Web Infrastructure Design
Web Applications Infrastructure/Web Infrastructure also called internet infrastructure is the physical hardware, transmission media, and software used to interconnect computers and users on the Internet.
Simple Web stack
This is the collection of software required for Web development. At a minimum, it contains an operating system (OS), a programming language, database software, and a Web server. LAMP is one commonly used Web stack.
So, When the user types a URL and clicks enter/return, the browser makes an HTTP request to the server.

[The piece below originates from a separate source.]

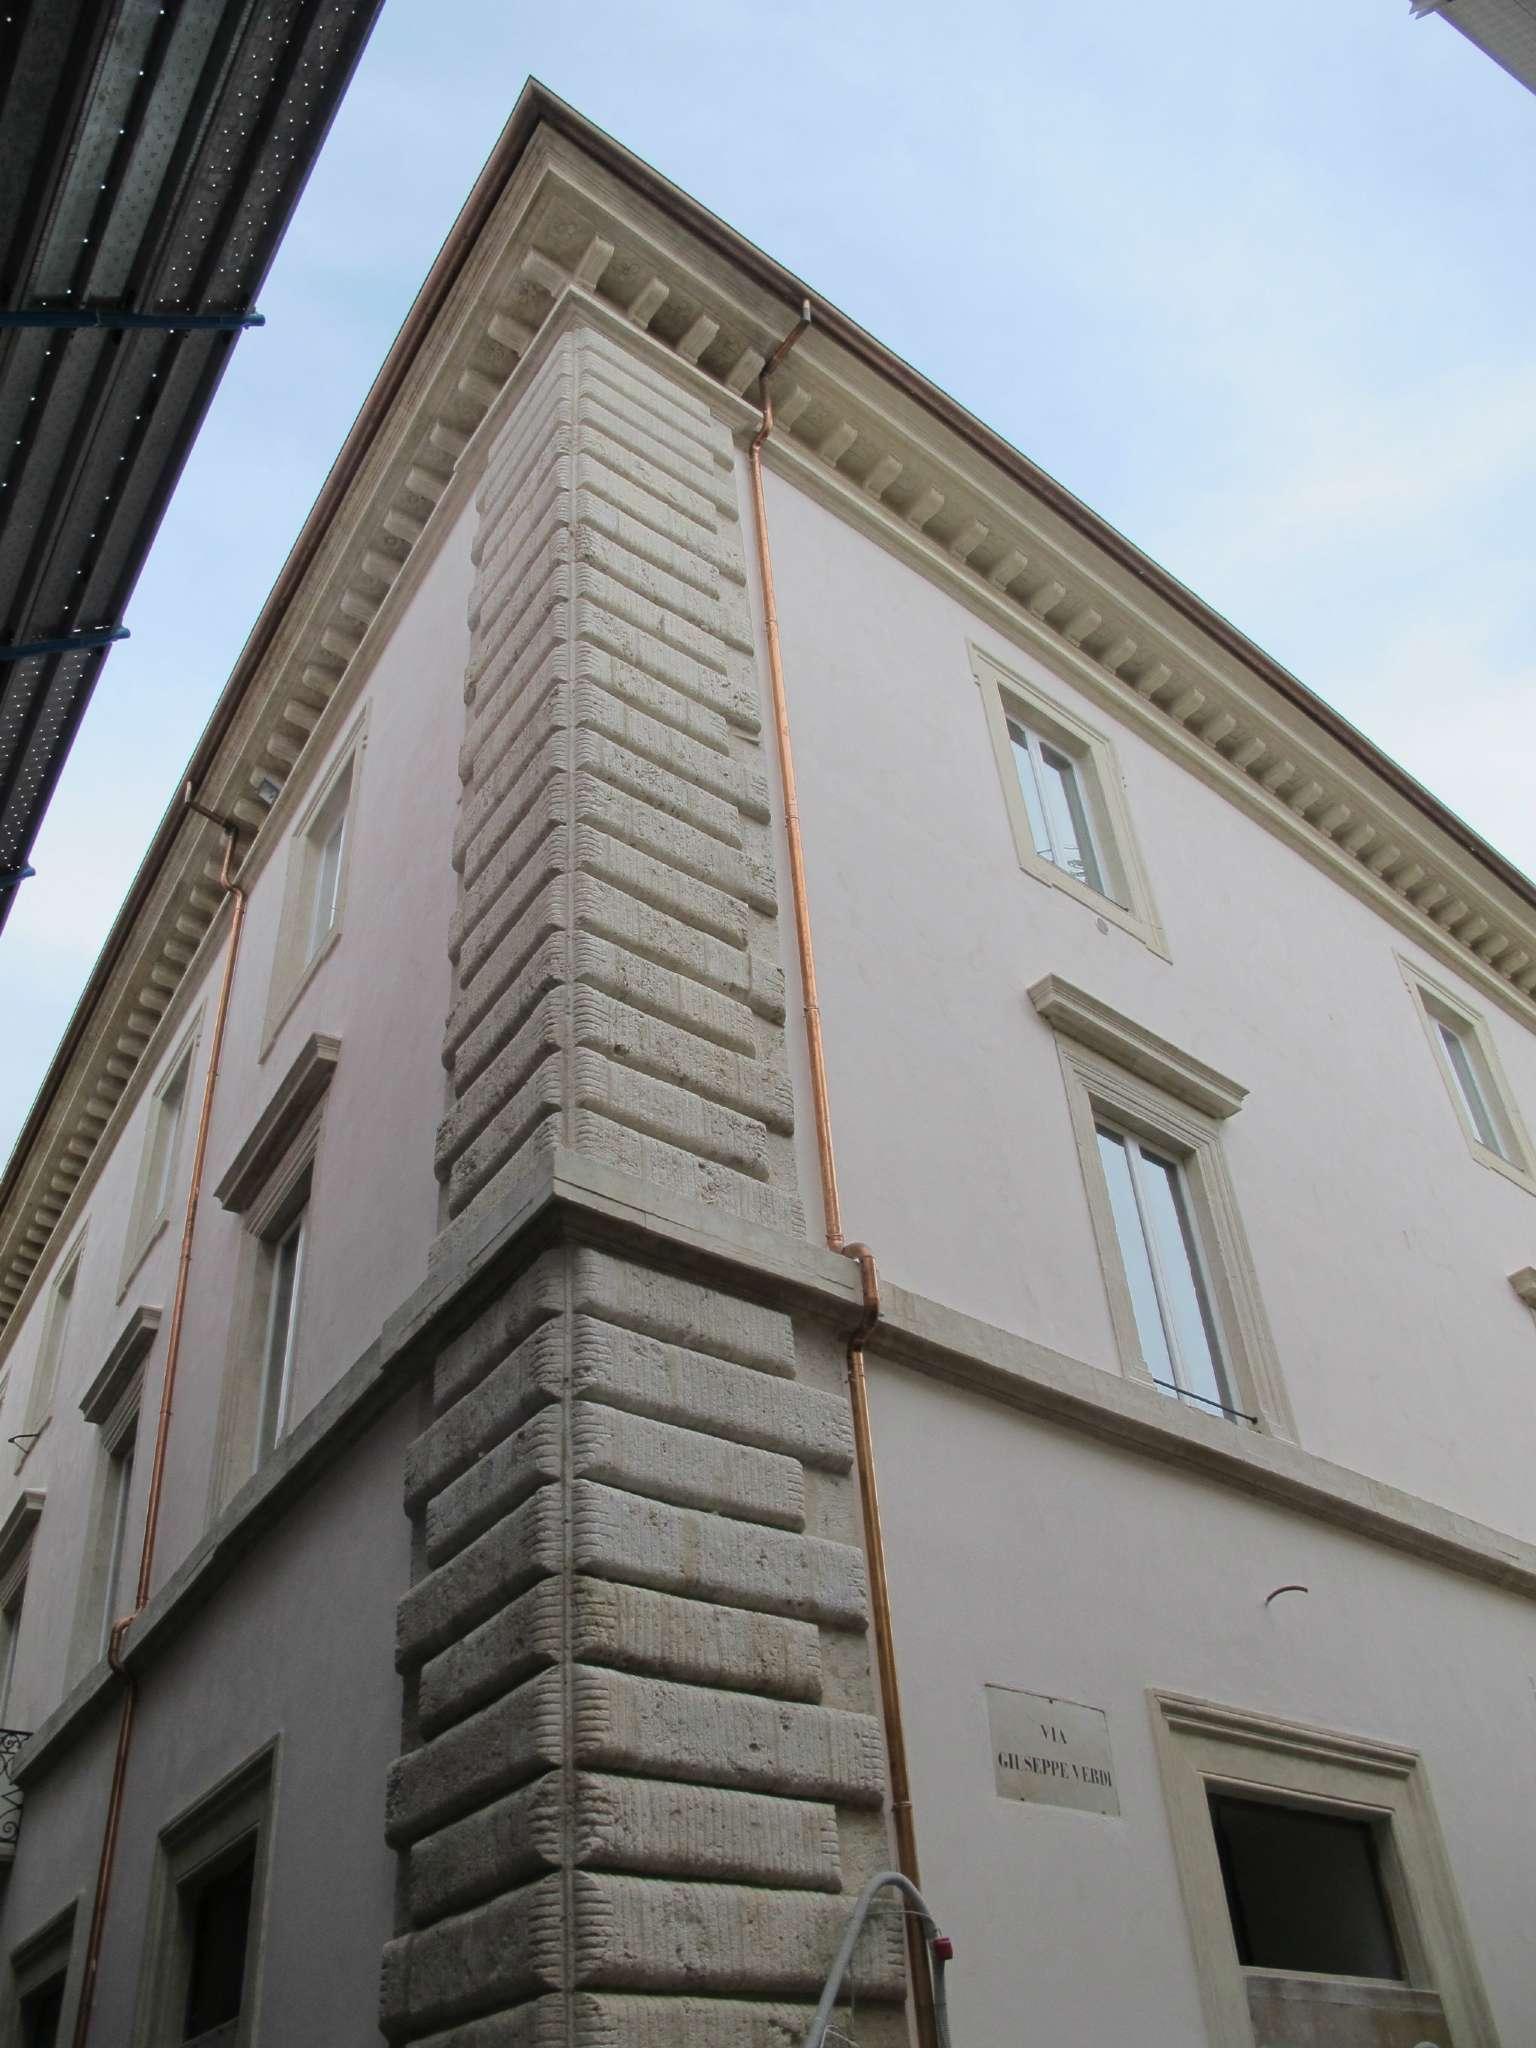 Appartamento, Vittorio Emanuele, centro storico, Vendita - L'aquila (L'Aquila)

Then the webserver process the HTTP request by responding back with HTML Contents.
We will encounter the following concepts in a web infrastructure:
This is a piece of computer hardware or software that provides functionality for other programs or devices.
Roles of the server:
- The role of the server is to share data, resources and distribute work.
- The server also helps in finding the correct IP address of the site requested by the user.
A domain name (often simply called a domain) is an easy-to-remember name that’s associated with a physical IP address on the Internet. It’s the unique name that appears after the
@sign-in email addresses, and after
www. in web addresses.
What is the role of the domain name;
The Domain name enables users to access Websites, without having to know the associated IP addresses of the websites.
The Domain Name System (DNS) is a system used to convert a computer’s hostname into an IP on the Internet. For example, if a computer needs to communicate with the webserver
example.com, your computer needs the IP address of the webserver. It is the job of the DNS to convert the hostname to the IP address of the webserver. It is sometimes called the Internet’s telephone book because it converts a Website’s name that people know to a number that the Internet actually uses.
What type of DNS record
www is in
www is a
CNAME(Canonical Name) DNS record-type in
www.foobar.com since it also points to the same IP address as
foobar.comand if the IP address changes we can only record changes in the DNS
A record of
A web server is a computer that runs websites. It’s a computer program that distributes web pages as they are requisitioned. The basic objective of the webserver is to store, process, and deliver web pages to users. This intercommunication is done using Hypertext Transfer Protocol (HTTP).
The role of the webserver
The role of the webserver is to accept requests made by the browser through HTTP, process the requests by responding with HTML content.
The role of the application server:
The role of the application server is to act as a host (or container) for the user’s business logic while facilitating access to and performance of the business application.
The role of the database:
A database is a software used for storing data in our application.
The role of the database is to allow the management, creation, updating, and retrieval of records. The Database also gives structure to business information.
Issues That Can Affect A Simple Web Stack:
Single Point Of Failure (SPOF), is a part of the system that, if it fails the whole entire system stops from working.
The above infrastructure has no redundancy that can help in avoiding SPOFs, hence, any single failure in any part of the system will cause all the system to stop.
2. Downtime when maintenance needed (like deploying new code web server needs to be restarted);
The Infrastructure above, downtime will occur because we only have one server and one database, that is used to make the deployment and maintenance hence no way users will access the website in that period.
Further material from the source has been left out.